Évitons le gâchis économique et humain
mai 16, 2008
Tribune parue dans Le Figaro du 8 juin 2006
C’est un fait, la France vieillit et cinq millions de salariés vont quitter la vie active dans les dix prochaines années. La principale conséquence économique de cette réalité démographique est la difficulté à financer les retraites, question cruciale que la réforme de 2003 a eu le courage d’aborder. Il existe toutefois d’autres effets à cette évolution, certes moins perceptibles, mais tout aussi graves, et qui méritent par conséquent d’être également pris en compte : parmi ceux-ci figure la perte massive de personnel qualifié que vont connaître nos entreprises. Or, nous le savons, la « ressource humaine » est primordiale dans tous les secteurs, qu’il s’agisse de la production, de la recherche, des services, etc. Qui plus est, les seniors appelés à quitter la vie professionnelle sont souvent attachés à leur société depuis plusieurs années, et sont de ce fait détenteurs d’une « culture d’entreprise », ce qui ne peut naturellement pas être le cas des derniers recrutés. Dans notre pays, loin d’être enrayés, les départs sont accentués par de nombreuses mises à la retraite anticipées, volontaires ou non, qui sont facilitées voire encouragées. Au gâchis économique s’ajoute donc un véritable « drame humain » : le passage du cap fatidique des 50 ans est devenu une épreuve qui se solde trop fréquemment, hélas, par une exclusion du monde actif.

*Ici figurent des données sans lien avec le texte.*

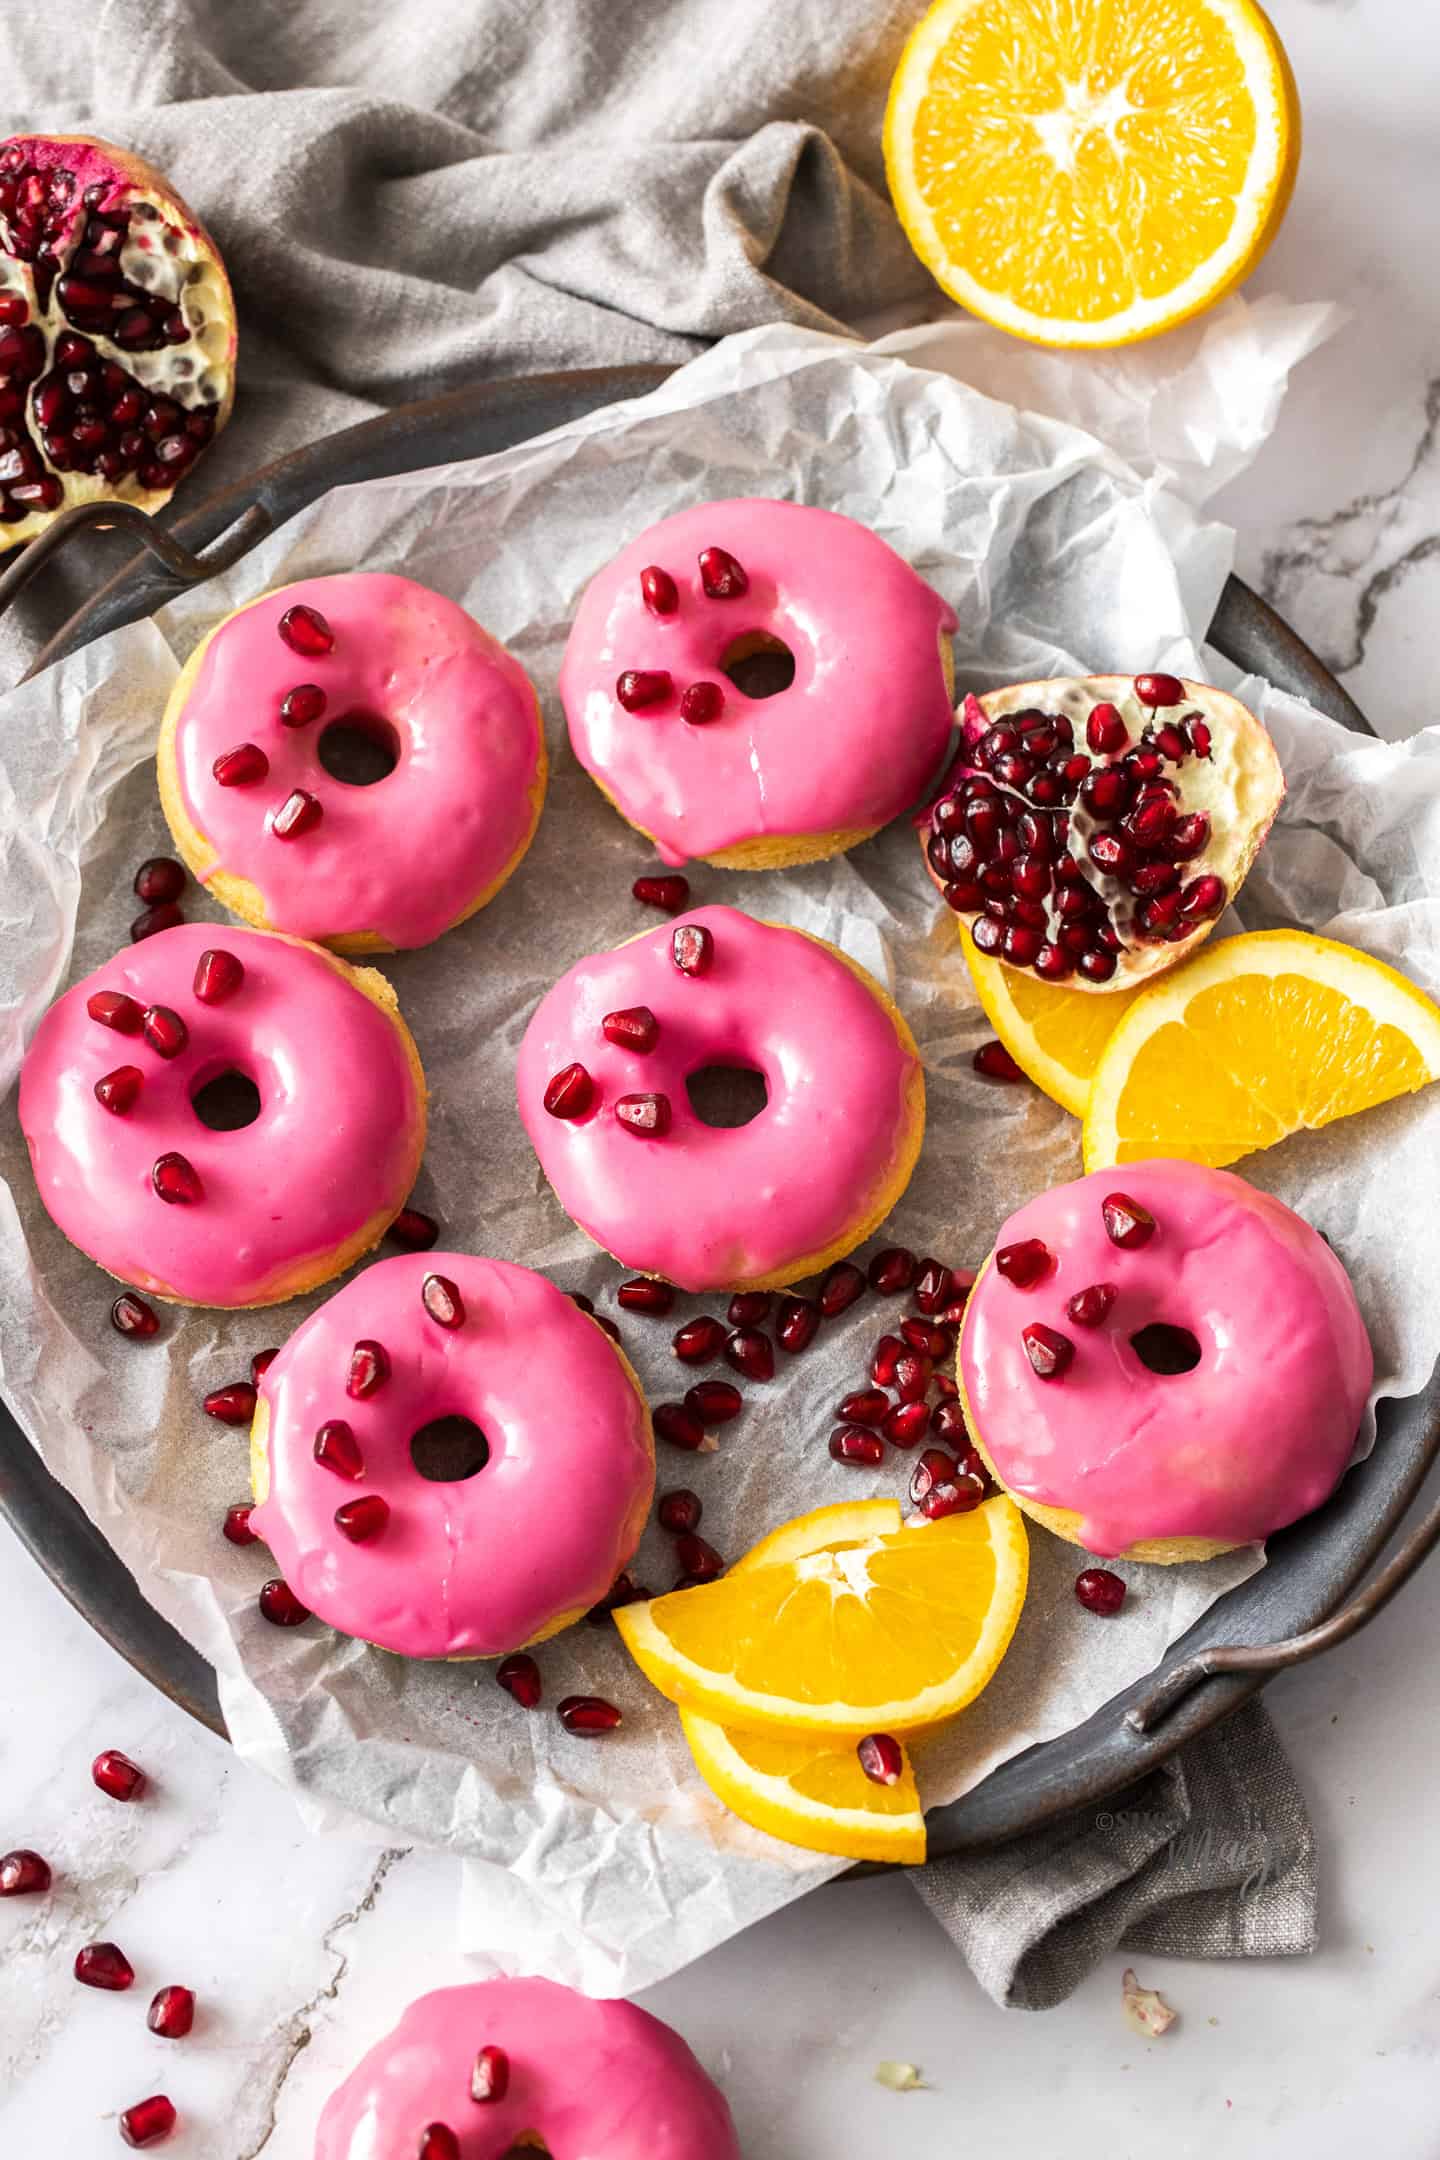 6 donuts with pink frosting, surrounded by orange slices and pomegranate seeds.

Exclusion : ne craignons pas de prononcer le mot, puisque la discrimination par l’âge y conduit désormais. Je rencontre régulièrement, en particulier lors de mes permanences de maire et de député, des femmes et des hommes confrontés à cette cruelle et injuste situation. Ils subissent ce « diktat » collectif, selon lequel le quinquagénaire serait contre-productif, réfractaire au changement et coûteux. Dans ces conditions, en cas d’ »accident de carrière », il est très difficile, pour ne pas dire impossible, d’avoir une nouvelle chance de faire ses preuves. Une fois au chômage, les seniors ont plus de difficultés pour en sortir : seul un tiers d’entre eux retrouvera un travail. La perte de confiance et le sentiment de dévalorisation s’installent alors dans l’esprit du salarié, qui finit par se résigner à cette mise an ban de la société.

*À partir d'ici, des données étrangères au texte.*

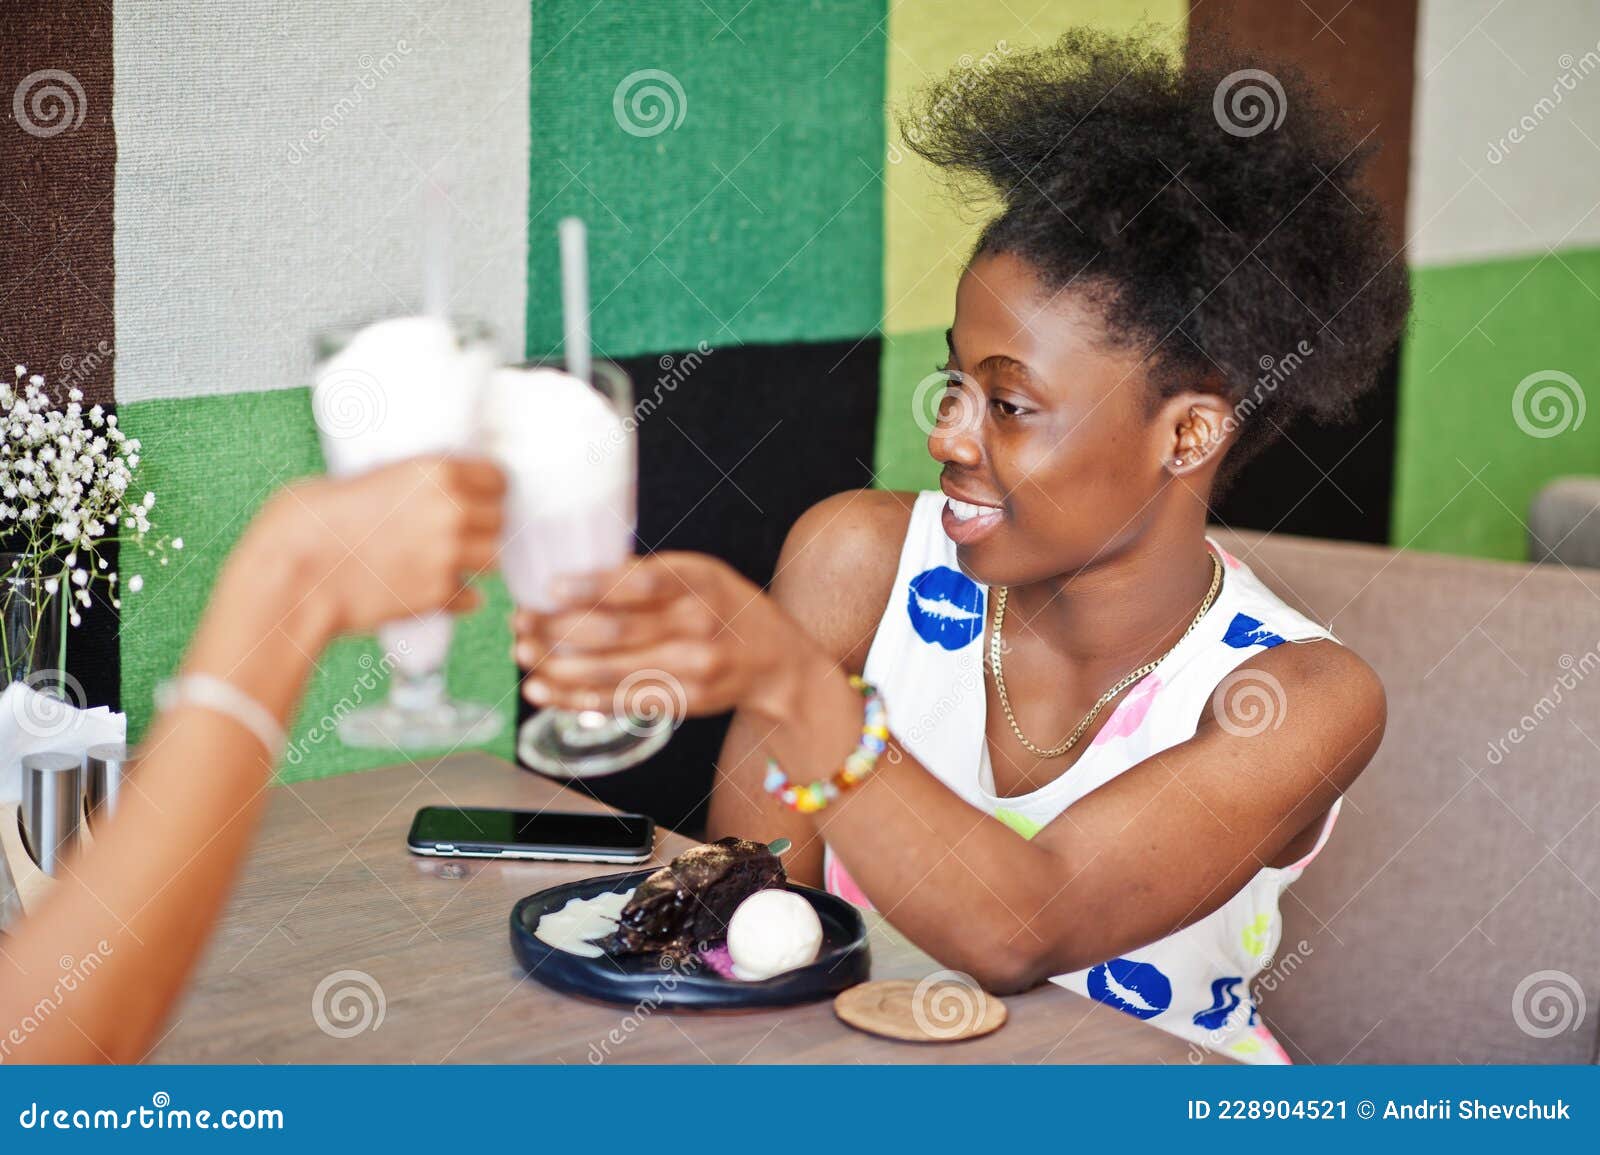 Two Black African Girlfriends at Summer Dresses Posed at Caf pic

Pour lutter contre une telle dérive, il me semble impératif de redonner toute sa valeur à l’expérience. Nombreux sont les métiers qui nécessitent des compétences que seule l’ancienneté procure. Celles-ci font du senior un salarié-clef dans la transmission du savoir-faire vers les plus jeunes. La relation « maître-apprenti », inhérente à toute activité humaine depuis des siècles, conserve toute son importance dans l’entreprise d’aujourd’hui. C’est la complémentarité qu’il faut privilégier, la promotion du travail intergénérationnel, l’alliance de l’innovation et de l’expérience.
Dans ce domaine, nombreux sont les pays à avoir quelques longueurs d’avance sur nous. Les chiffres parlent d’eux-mêmes : en Suède, 69 % des 55-64 ans travaillent tandis qu’ils ne sont que 37 % dans l’hexagone ! Les États-Unis, la Grande-Bretagne, l’Allemagne et la Finlande n’ont pas hésité à prendre des mesures destinées à favoriser l’emploi des seniors. Nos voisins d’outre-Rhin ont par ailleurs opté pour le versement d’un complément de salaire aux quinquagénaires chômeurs qui seraient embauchés.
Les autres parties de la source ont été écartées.